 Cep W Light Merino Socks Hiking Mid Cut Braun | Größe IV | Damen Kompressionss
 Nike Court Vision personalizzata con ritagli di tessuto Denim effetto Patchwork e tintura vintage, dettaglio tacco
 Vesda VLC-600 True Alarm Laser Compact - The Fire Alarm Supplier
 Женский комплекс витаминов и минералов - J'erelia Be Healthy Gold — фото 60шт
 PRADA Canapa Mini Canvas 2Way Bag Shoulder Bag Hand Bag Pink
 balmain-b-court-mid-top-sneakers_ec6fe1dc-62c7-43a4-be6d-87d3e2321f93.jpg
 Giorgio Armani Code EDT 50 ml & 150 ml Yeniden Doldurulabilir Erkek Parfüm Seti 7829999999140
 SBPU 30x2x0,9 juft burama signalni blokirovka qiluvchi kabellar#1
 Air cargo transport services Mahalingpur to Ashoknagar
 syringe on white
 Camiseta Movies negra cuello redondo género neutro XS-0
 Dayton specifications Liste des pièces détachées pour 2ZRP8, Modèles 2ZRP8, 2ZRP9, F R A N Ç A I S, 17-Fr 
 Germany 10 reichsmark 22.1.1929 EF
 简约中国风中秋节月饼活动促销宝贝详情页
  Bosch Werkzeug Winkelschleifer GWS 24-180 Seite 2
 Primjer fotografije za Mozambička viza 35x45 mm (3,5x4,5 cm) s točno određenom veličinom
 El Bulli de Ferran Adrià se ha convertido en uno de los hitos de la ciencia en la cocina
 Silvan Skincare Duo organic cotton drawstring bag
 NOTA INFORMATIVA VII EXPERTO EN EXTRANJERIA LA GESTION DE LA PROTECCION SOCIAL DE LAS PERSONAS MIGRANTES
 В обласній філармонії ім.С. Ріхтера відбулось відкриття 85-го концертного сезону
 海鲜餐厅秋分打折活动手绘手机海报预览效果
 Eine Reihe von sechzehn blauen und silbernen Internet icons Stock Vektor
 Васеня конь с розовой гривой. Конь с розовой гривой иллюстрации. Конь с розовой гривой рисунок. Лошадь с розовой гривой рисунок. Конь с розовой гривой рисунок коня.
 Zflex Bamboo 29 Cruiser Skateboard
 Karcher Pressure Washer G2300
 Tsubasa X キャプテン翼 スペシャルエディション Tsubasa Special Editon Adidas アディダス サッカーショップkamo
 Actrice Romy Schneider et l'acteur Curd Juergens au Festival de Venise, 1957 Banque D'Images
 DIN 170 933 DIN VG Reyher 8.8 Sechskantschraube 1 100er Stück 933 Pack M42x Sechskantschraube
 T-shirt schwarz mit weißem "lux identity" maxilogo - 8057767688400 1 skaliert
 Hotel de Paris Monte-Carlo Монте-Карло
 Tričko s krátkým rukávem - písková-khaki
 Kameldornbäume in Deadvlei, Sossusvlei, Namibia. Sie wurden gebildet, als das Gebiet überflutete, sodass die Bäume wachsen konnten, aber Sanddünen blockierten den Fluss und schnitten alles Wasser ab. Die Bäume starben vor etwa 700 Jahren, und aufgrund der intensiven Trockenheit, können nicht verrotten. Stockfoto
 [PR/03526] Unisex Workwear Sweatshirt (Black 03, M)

────────────────────────────────────────

## PROBLEM TO WORK ON
Your task is to transcribe, with no changes, only the lines of the listing above that lie between the line holding "Nike Court Vision" and the line holding "PRADA Canapa Mini", inclusive.

## RESPONSE FOR THIS EXERCISE
 Nike Court Vision personalizzata con ritagli di tessuto Denim effetto Patchwork e tintura vintage, dettaglio tacco
 Vesda VLC-600 True Alarm Laser Compact - The Fire Alarm Supplier
 Женский комплекс витаминов и минералов - J'erelia Be Healthy Gold — фото 60шт
 PRADA Canapa Mini Canvas 2Way Bag Shoulder Bag Hand Bag Pink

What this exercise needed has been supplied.